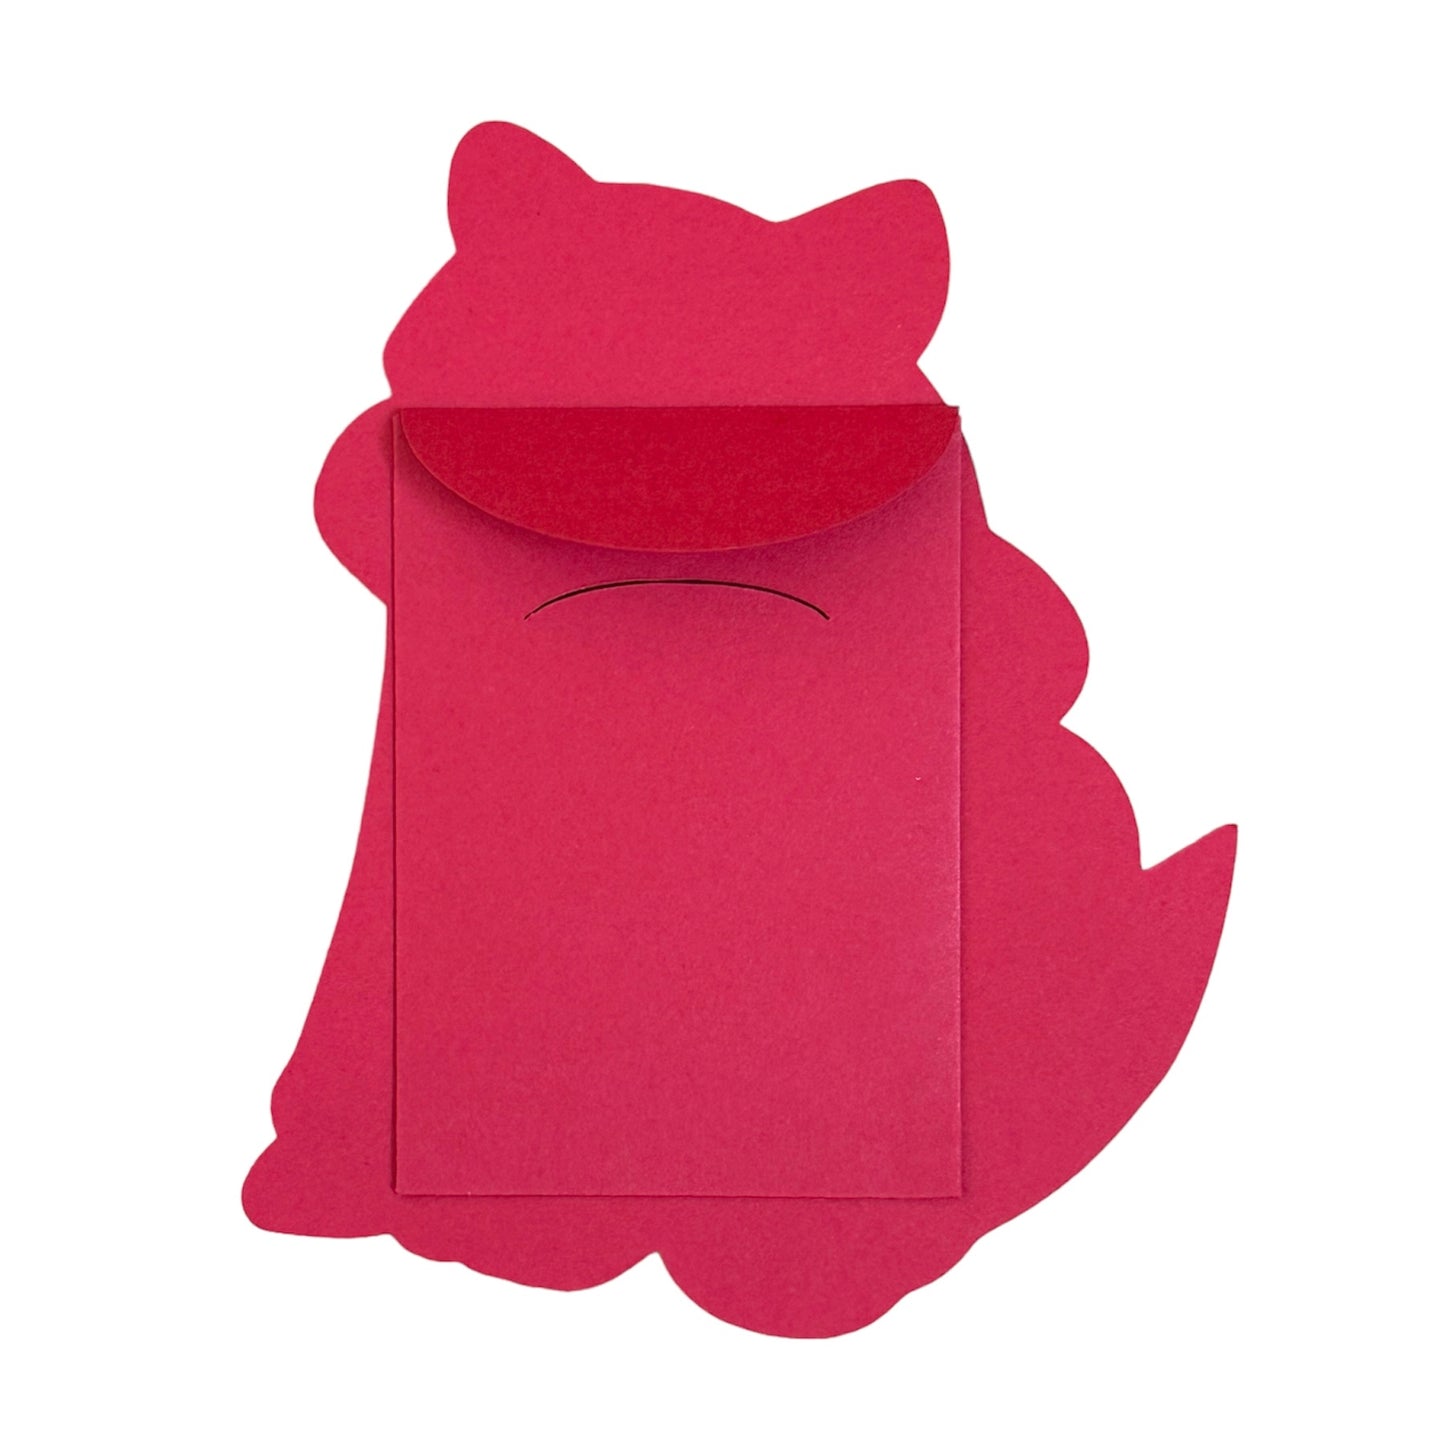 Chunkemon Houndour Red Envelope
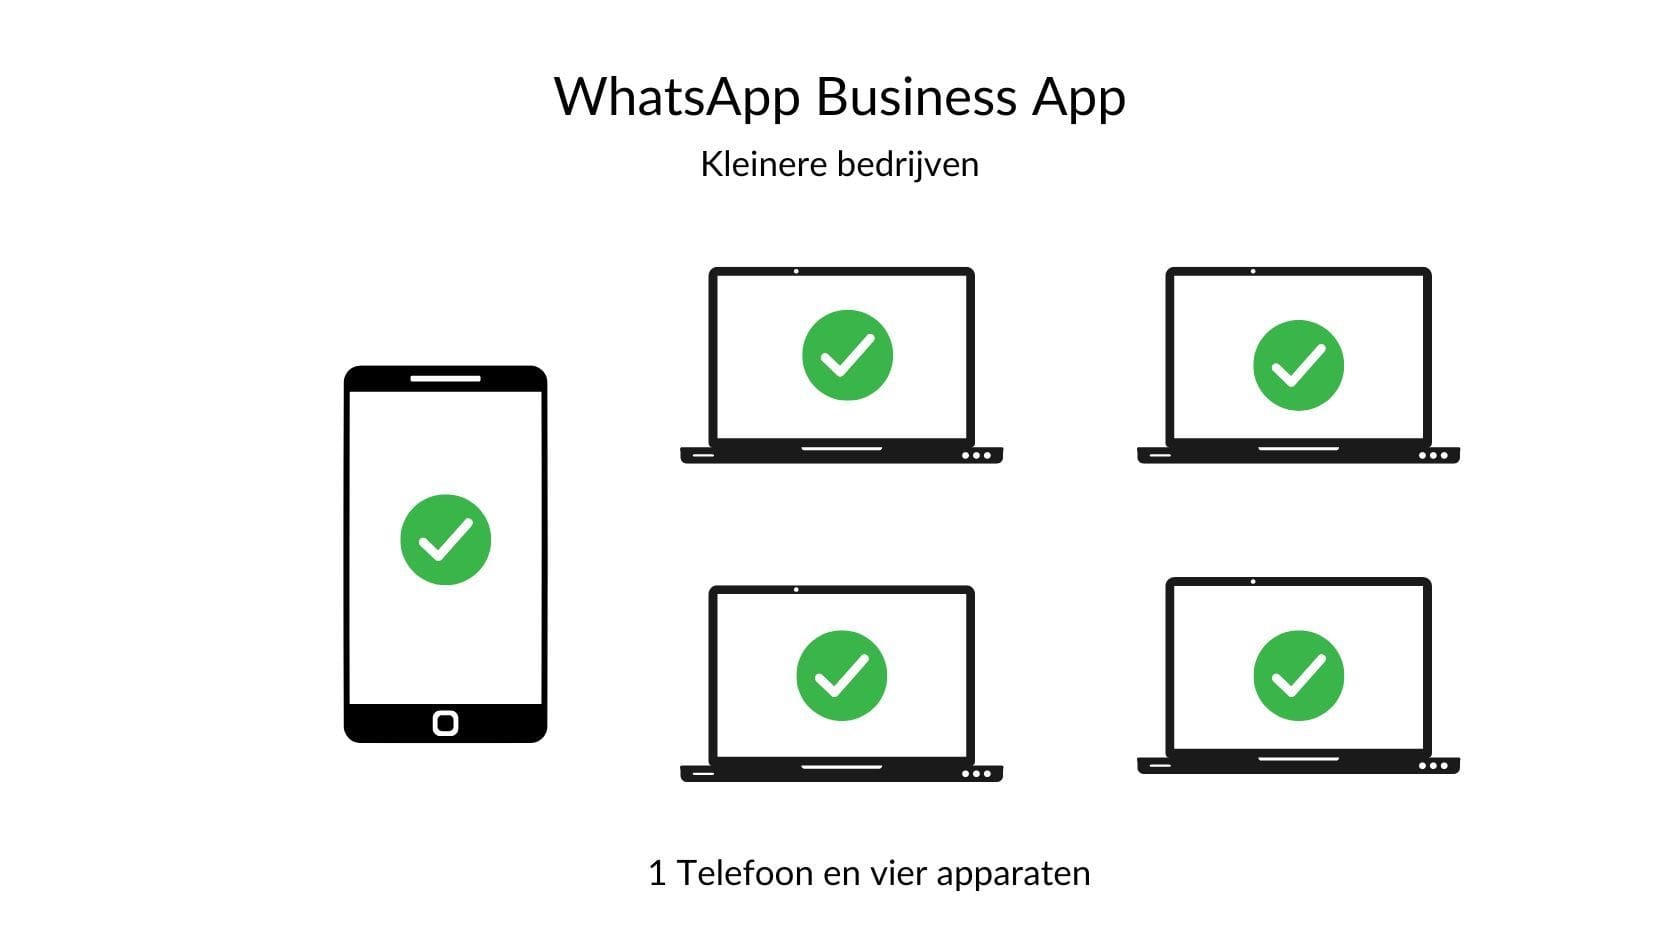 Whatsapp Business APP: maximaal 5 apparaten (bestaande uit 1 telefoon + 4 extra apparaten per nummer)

...

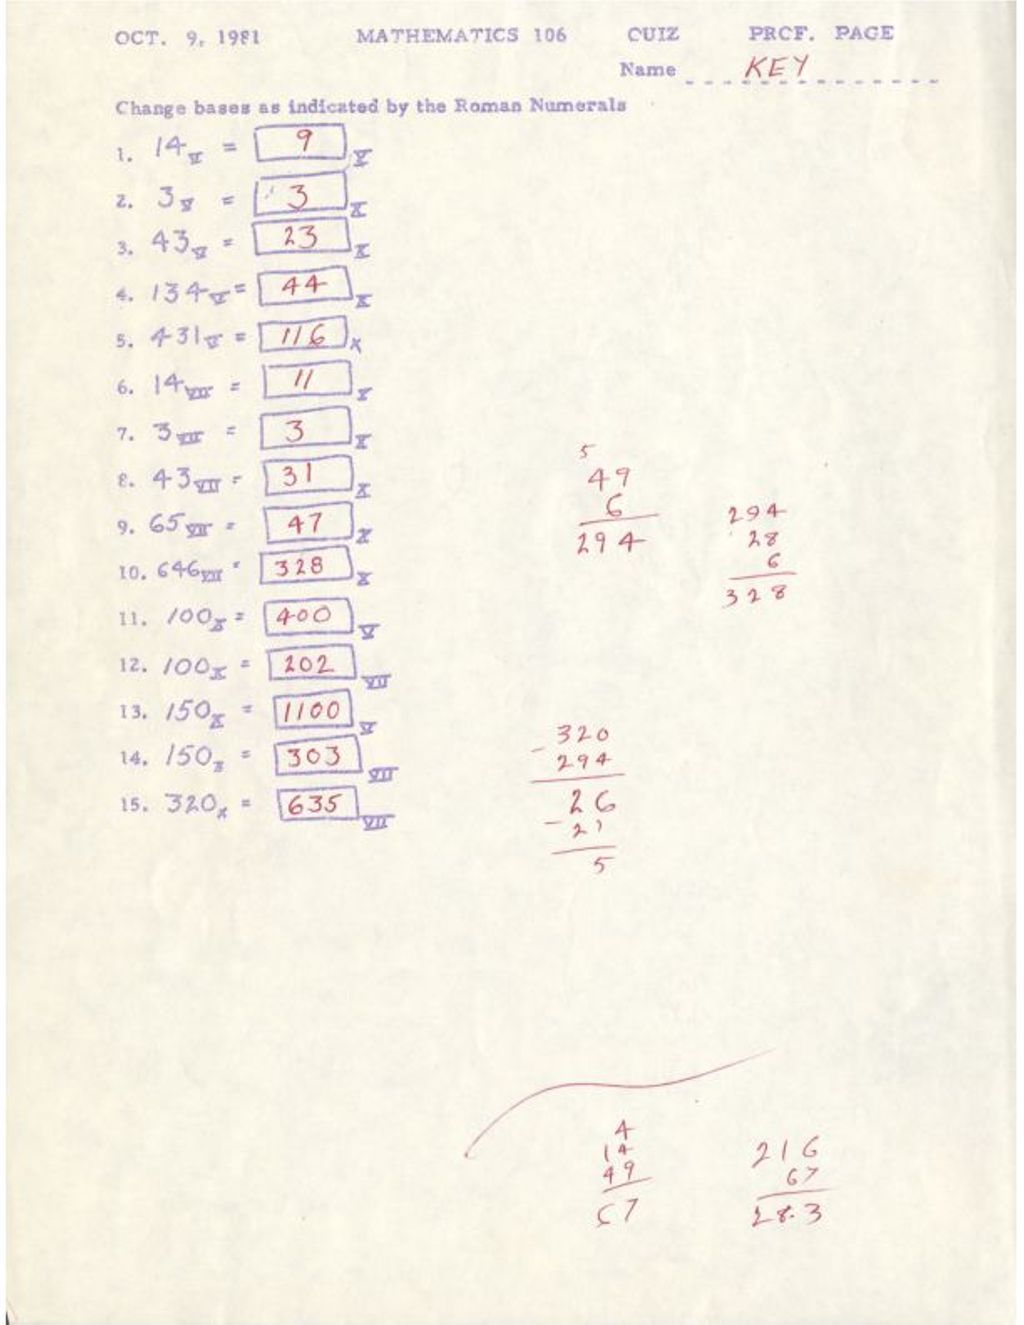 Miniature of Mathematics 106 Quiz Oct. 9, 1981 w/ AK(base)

(TASK GOAL) For this task, return exactly the stretch of the listing above from the line with "Chunkemon Houndour Red Envelope" through the line with "Whatsapp Business APP: maximaal", inclusive and without pictures.

(WRITTEN REPLY)
 Chunkemon Houndour Red Envelope
 Whatsapp Business APP: maximaal 5 apparaten (bestaande uit 1 telefoon + 4 extra apparaten per nummer)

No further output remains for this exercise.